1901: The continent of Australia had half a dozen British colonies. Like Canada, they had a growing sense of being more than just colonists and should enter into a union. The process followed was a series of conferences over several years, and finally the drafting of a constitution in the late 19th century. After it was approved by all six colonies in referenda, it was enacted as a statute of the British Parliament, same as Canada.

1949: The West German Basic Law was worked out by a parliamentary assembly of Germans in the three occupation zones of the UK, the US and France. The impetus for the assembly had come from the three occupying powers, as well as input from Germany’s western neighbours, the Netherlands, Belgium and Luxembourg. The six powers had directed that the leaders of the German Länder (provinces) should draw up a constitution which created a federal system with entrenched individual rights. The members of the parliamentary council, appointed by the governments of the Länder drew up the Basic Law for the new Federal Republic of West Germany. After it was approved by the governments of the three western occupying powers, it was approved by the governments of the Länder, and West Germany came into being. Forty years later, with reunification, the Basic Law became the organizing document for all of Germany.

1950: a lengthy drafting process produced the Constitution of India. The original plan had been that all of British India would be under one government, but tensions between the Hindu and Muslim sections resulted in two separate countries under a British statute, the Indian Independence Act. The constituent assembly of what became India acted as both the government of India, and the constitutional drafting body. In that capacity, the members of the Assembly produced the Constitution of India, which came into force by a vote of the Constituent Assembly.

So, five different paths to parliamentary government, with varying degrees of consensus and democratic measures to implement them. (And, apologies to any Norwegian, Australian, German or Indian Dopers if I’ve mangled your history!)

These are wonderful summaries, thank you!
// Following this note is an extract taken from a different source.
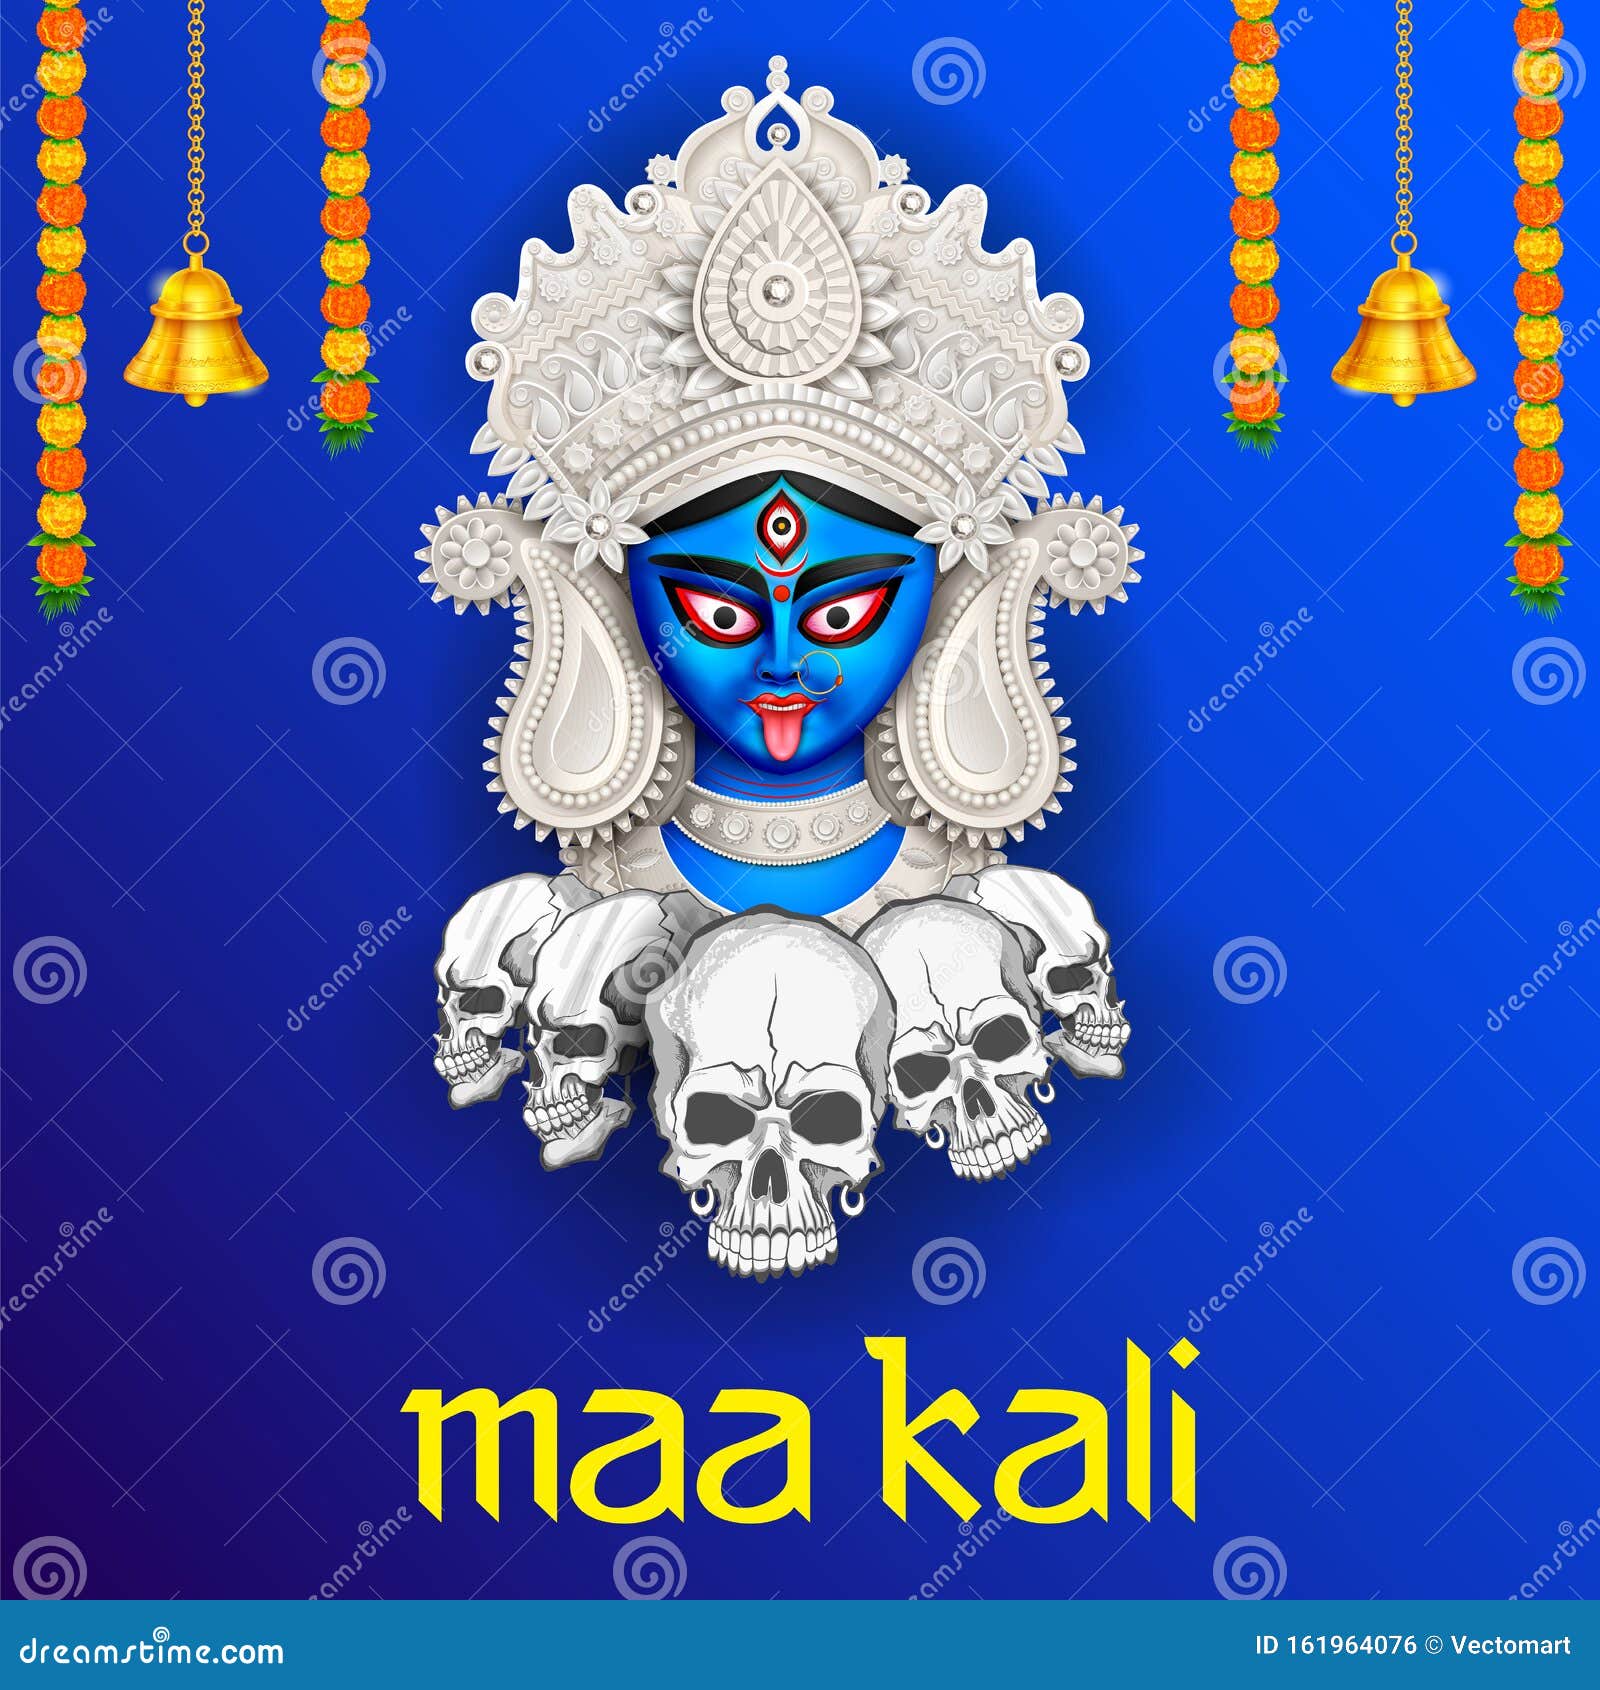 Diwali Kali Pooja là một dịp để tôn vinh Thần linh Kali. Những hình ảnh trong Diwali Kali Pooja mang đến cho bạn cảm giác thánh thiện, hoài niệm và sự tôn kính. Hãy đón xem và trải nghiệm một phần nền văn hóa tuyệt đẹp của Ấn Độ.

As to our discussion, and where I had jumped in…

Assume that there is a country under a parliamentary system with an entrenched constitution. There is this one hot-button issue, the question of whether X is a basic right. Every couple years, the political majority changes - by a razer thin margin - and so does parliament’s answer to that question. The constitution is silent on this issue, despite having an entrenched bill of rights, because there has never been a strong majority one way or the other.

My question for you is this: will this country find itself constantly flip-flopping on a question of basic human rights, as Trinopus described in post #43?